Kubernetes 1.36 lands on April 22, and one of the headline features is something the community has been asking for since Kubernetes 1.16: the HPAScaleToZero feature gate, now in beta. The Horizontal Pod Autoscaler can finally scale a deployment down to zero replicas, and back up, without any third-party tooling.
Within hours of the release notes circulating, LinkedIn filled up with “KEDA is finished.” The problem here is a category error. HPA and KEDA don’t scale workloads for the same reason. They react to entirely different signals:
-
Kubernetes HPA (Horizontal Pod Autoscaler): The Core Focus is resource-based scaling (CPU and memory). Now, in the version 1.36, the HPA supports scaling down to zero replicas when resource utilization hits zero, and scaling back up when demand increases.
-
KEDA (Kubernetes Event-driven Autoscaling): The core focus here is the Event-driven scaling. KEDA scales the PODs based on external metrics rather than resource consumption. Examples include queue depth, Kafka consumer lag, Cron schedules, or database row counts. This approach is ideal for workloads where CPU/memory metrics are poor indicators of demand, such as background job processors or message consumers.
Think about a batch job that processes messages from an SQS queue. When the queue is empty, you want zero pods. When messages arrive, you want pods: fast, proportional to how many messages are waiting. CPU utilization on those pods tells you almost nothing useful about this. The queue depth is the signal. That’s what KEDA reads.
Now think about a stateless API service. You want it scaled down at 3am when there’s no traffic, and scaled back up when requests start coming in. CPU and memory are perfectly reasonable proxies here. HPA handles this well, and now, after years of waiting, it can go all the way to zero without you having to wire up KEDA or Knative just to get that last step.
These are different workloads with different operational profiles. The new HPA feature is genuinely useful.
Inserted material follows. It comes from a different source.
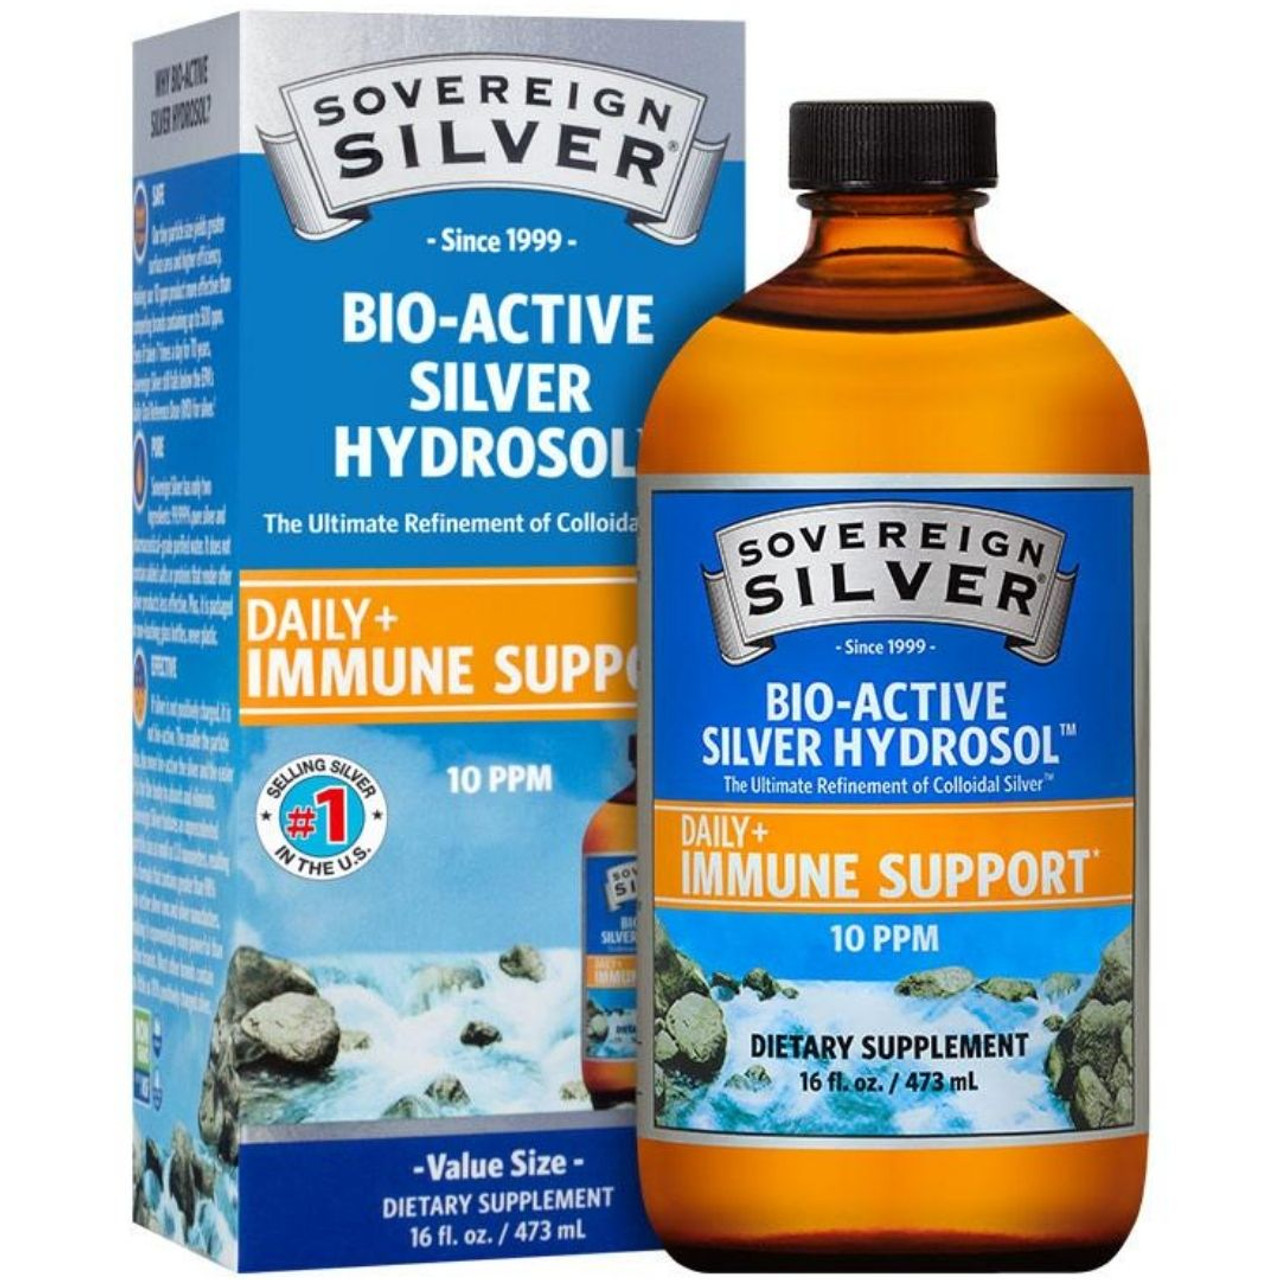 Source Naturals Wellness Colloidal Silver™, 30 ppm - 4 fl oz - Kroger

It closes a real gap for resource-based scaling, and it means one less reason to reach for an external tool if your scaling logic is purely CPU or memory driven.
But if you’re running event-driven consumers like: Kafka, RabbitMQ, SQS, or any of the 60+ scalers KEDA supports, you’re not going to replace it with HPA. You’d be throwing away the exact thing that makes your scaling logic correct and replacing it with a metric that doesn’t describe your problem.
KEDA’s website describes it exactly right: it’s an event-driven autoscaler. The whole value proposition is that your scaling decisions live in the same conceptual space as your workload’s actual behavior. A message consumer scales on message count. A scheduled job scales on a cron expression. A database processor scales on queue table depth. That’s not something a CPU metric can replace, because CPU is not the right metrics to decided when scale in these use cases.
The honest summary: Kubernetes 1.36 is great news if you’ve been manually hacking around the HPA floor of 1. For anything event-driven, KEDA was already the right tool, and it still is. One more native feature doesn’t change what problem it was solving.